Excellent news. I have GCA LVV too and had my scan in November 2022. I’ve not had one since then. Did you ask for the scan or were you offered one? Did you have any symptoms of LVV? I can only tolerate 7.5mg of methotrexate and my year long Tocilizumab is about to run out. Just curious as to whether I should be pushing for a follow up scan or whether I will be offered one in due course.

Oxfordboy2 profile image
Oxfordboy2 in reply to Noni71

Hi Noni71

In answer to your question no I was not initially offered a scan until I asked if I could reduce my MTX as my bloods had been consistently good.The doctor said a scan was the only safe way to check if LVV was present or improved,the bloods would not do that.When I was diagnosed I had no symptoms and felt really well as I do now. The big change for me was reducing from 20 to 15mg MTX and taking them late morning instead of after breakfast.All the nausea and most of the fatigue disappeared.Do push for a scan it’s important to know what is going on.
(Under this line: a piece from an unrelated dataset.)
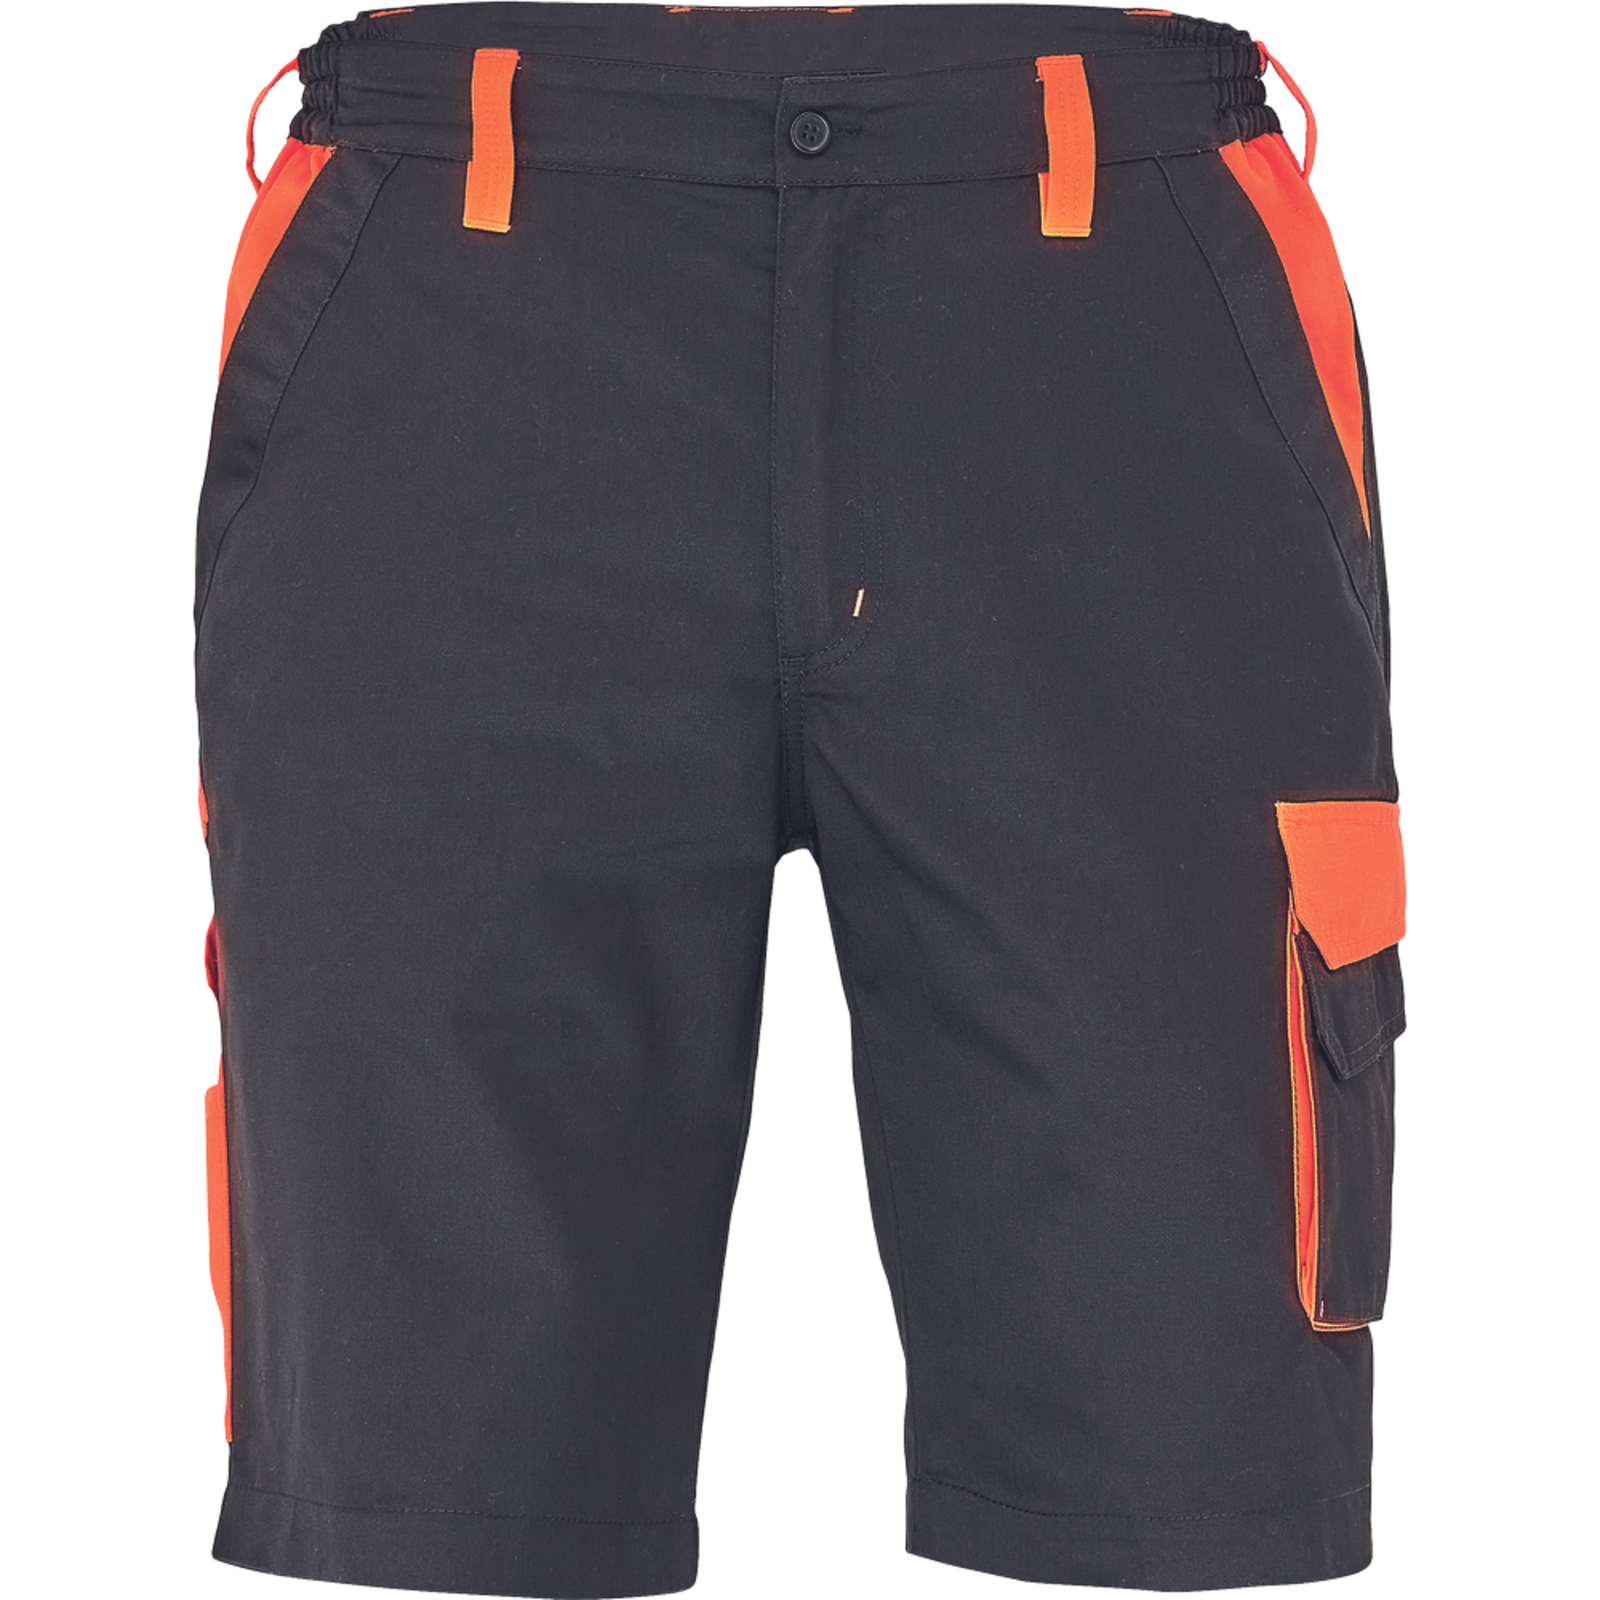 Pánske šortky Cerva Max Vivo - veľkosť: 46, farba: čierna/oranžová

Kafkaontheshore profile image
Kafkaontheshore

Hi OB and Noni. I also have GCA, the LVV type. It’s good news re the improvement in inflammation. That’s why we have the treatment we do. Inflammation in the blood vessels is bad news as you know. I had my first PET CT in 2020 which diagnosed LVV in the aorta and the subclavian arteries (these feed the head and neck with blood supply). Since then I have had my one year of Tox (in UK ), I’ve been on MTX which was changed to Mycophenolate. I started Sarilumab end of 2022 as a replacement for Tox. Another monoclonal antibody. I have had multiple flares since stopping Tox plus two small (luckily) strokes linked to the LVV, hence changes in meds. Pred dose has been up and down obviously. Sometimes back to 40mg other times lower. I had symptoms again end of last year, fatigue, night sweats, loss of weight, so had another PET CT in November 2023. This showed improvement compared to 2020 scan but still patchy inflammation throughout aorta. Not in subclavians. So I had Rituximab infusions in January.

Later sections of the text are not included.